New style of play suits Gretzky

AL STRACHAN -- Toronto Sun

, Last Updated: 8:37 AM ET

VANCOUVER -- From Wayne Gretzky's personal point of view, his first game as a coach was not a success. His Phoenix Coyotes lost 3-2 to the Vancouver Canucks.

But on so many other levels, the game was full of positives, not only for Gretzky but for hockey fans everywhere.

Gretzky was the first to admit that, "it was a great game for the fans," and added that, despite the result, it epitomized the style he wants to play.

If other coaches around the league got the same message -- and judging by the early returns, they did -- the Tedium Era of hockey is over.

In Vancouver, the two teams hooked up in end-to-end action -- at one point they went more than nine minutes without a whistle -- with great chances, dazzling saves, beautiful goals and speed, speed, speed.

If this is what hockey fans waited 17 months for, it was well worth the wait.

At the same time, it was encouraging to note that the referees, who like the players were faced with the challenge of adapting to a new style, appear to have made the transition.

Despite all the speed and finesse, the game featured some thundering hits, not one of which was penalized.
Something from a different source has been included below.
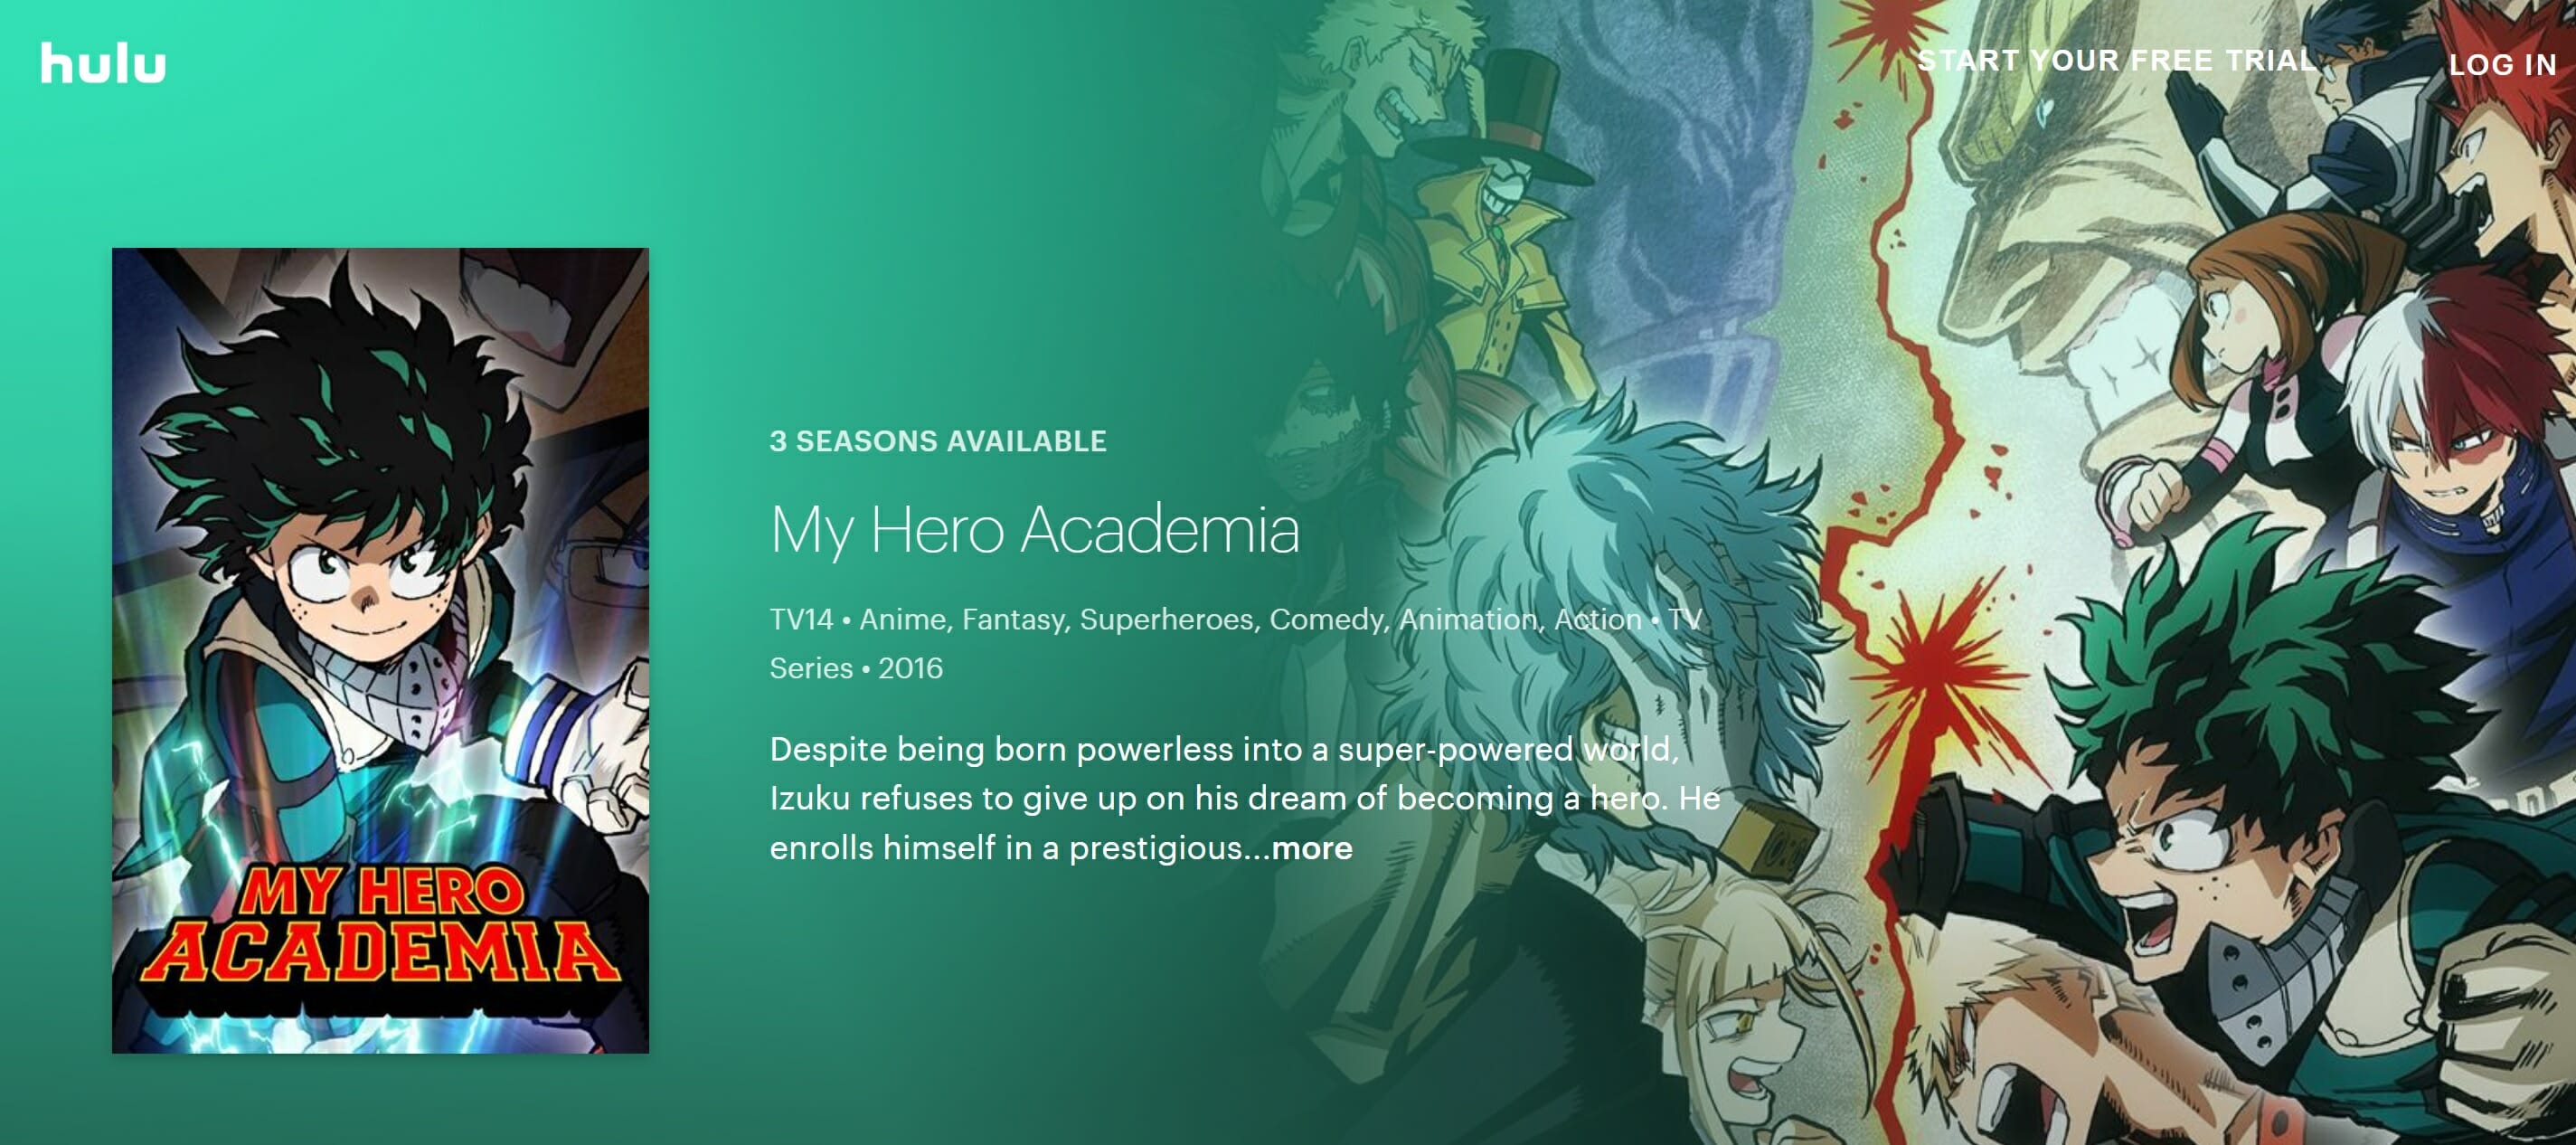 my hero academia season 2 dub hulu release date 2018

The Coyotes were a bit unlucky when Mattias Ohlund's point shot deflected off the glove of Phoenix defenceman Derek Morris and past Curtis Joseph to open the scoring, but after that the two sides were evenly matched.
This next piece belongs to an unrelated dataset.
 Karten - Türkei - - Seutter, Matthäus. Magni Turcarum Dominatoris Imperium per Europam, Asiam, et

"We've got 81 more games to go," said Gretzky, "and if I get the effort like that, we'll win our share of games."

It is already clear that the rookie coach brings to the game the kind of awareness that he had as a player.

When his Coyotes scored to narrow the gap to 2-1 at the 11:01 mark of the third period, he immediately tried to make a goalie change.

He knew that the next shift would be dangerous. A veteran team like the Canucks would have all the big guns out there in the hope of making a quick response, and Gretzky wanted to buy some breathing time for his own best defenders.

But referee Rob Shick was having none of it. Although a coach is allowed to make a goalie change for valid reasons, Shick saw the move for what it was -- an attempt to get another time-out even though the rules allow only one and Gretzky had already used it.

Sure enough, only 19 seconds after the Coyotes scored, the Canucks took advantage of a mental error by Mike Leclerc, who didn't put the puck in deep. On a two-on-one, Markus Naslund scored his second of the night and the Coyotes' mood went from elation to deflation.

The Coyotes are not a deep team and Gretzky knows it. As a result, he has a limited number of options in key situations.

So as the clock wound down, Gretzky still tried to buy more time for his better players. Having had no luck with Shick, he asked the other referee, Kelly Sutherland, to check the time clock. Morris was in the box and Gretzky didn't think the penalty clock was right.

Sutherland said he'd do it, but not until Gretzky got his players positioned for the faceoff. Gretzky wanted to wait. You can figure out who won that battle.

But all in all, Gretzky was pleased with what he saw. He had made the difficult decision to bench veterans Sean O'Donnell and Cale Hulse in favour of two rookies, Keith Ballard and Zbynek Michalek, and it paid off.

"Two of the best team guys I have are Cale Hulse and Sean O'Donnell," said Gretzky, "but it comes down to playing. I don't expect Cale or Sean to be the offensive force that guys like Morris can be, but I have to them being physical and not taking penalties. These kids play hard and don't take penalties."

Hard play. No penalties. That's what the new NHL appears to be about. For fans, that has to be good news.